When the man arrived home his neighbor across the hall had been replaced by a woman he had never seen before. The woman was rather beautiful and invited him for coffee. Not wanting to be rude to his new neighbor the man graciously accepted.

They sat on the sofa and sipped their coffee making small talk for a short time, but soon the woman sat down her mug and moved closer to him she wrapped her lips around his and he felt a tightening in his pants. Soon she tried to undress him. He had just met this woman and felt it strange. Then he remembered what the man in the desert had told him. If he did not conceive a son the man could not take his soul. He squirmed on the couch eyeing the door trying to fight his passion and find the will to leave, but the urge was too strong. He gave in. It was the best sex of the man’s life and he had energies he never knew he had.

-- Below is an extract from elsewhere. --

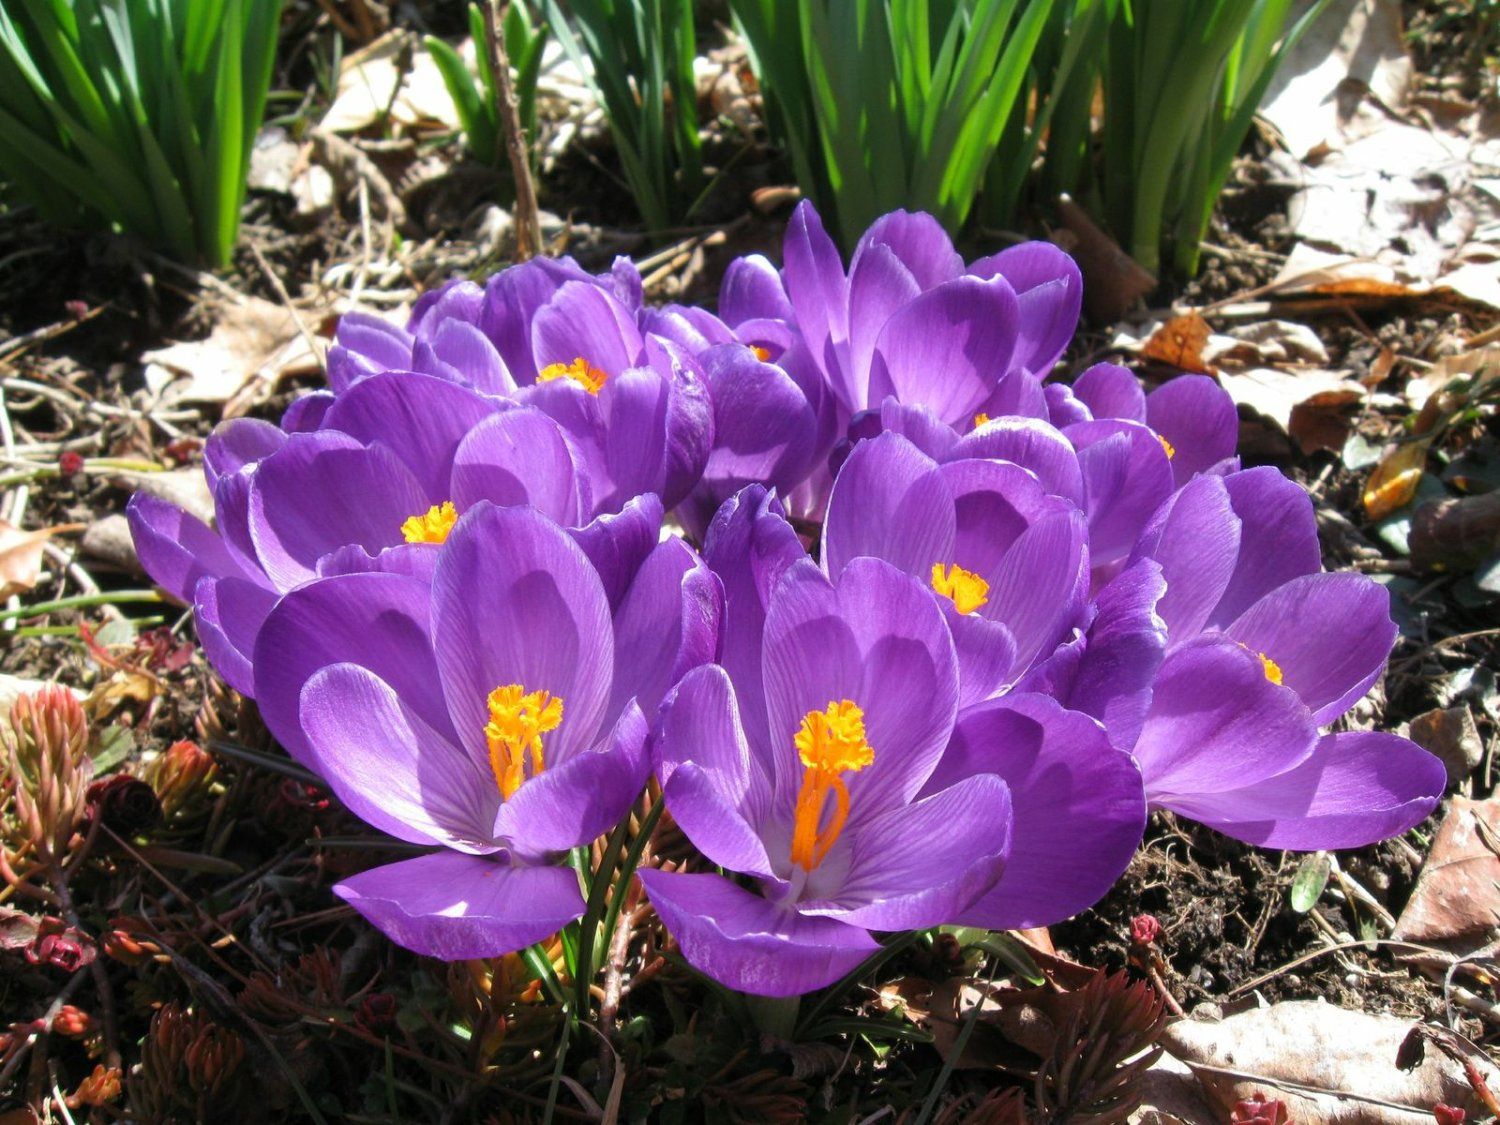 Previous Happening: Spring in Bloom

When he finished in her he felt the emptiness fill him. He buttoned his pants, picked up his shirt, and without acknowledging the woman left, walking across the hall to his own apartment. That night his brain was on fire and he could not sleep. He got up several times but could not quench his thirst. In the morning the man left his apartment to find his old neighbor had been reinstated. The woman was gone, and by first snow fall so was the man.

Kenna flipped the old book shut. She tapped her fingers on the wooden desk thinking about the bizarreness she just read. A strange story, a strange story indeed. But better than she could write. She hesitated for a moment. She reached into her bag and pulled out her laptop. Whoever wrote it obviously wanted it shared, that’s why they left it at the library. Besides the story didn’t even have any character names. She could fill them in and spruce up the details. Then the story would be practically unrecognizable. She opened a Word document and began typing.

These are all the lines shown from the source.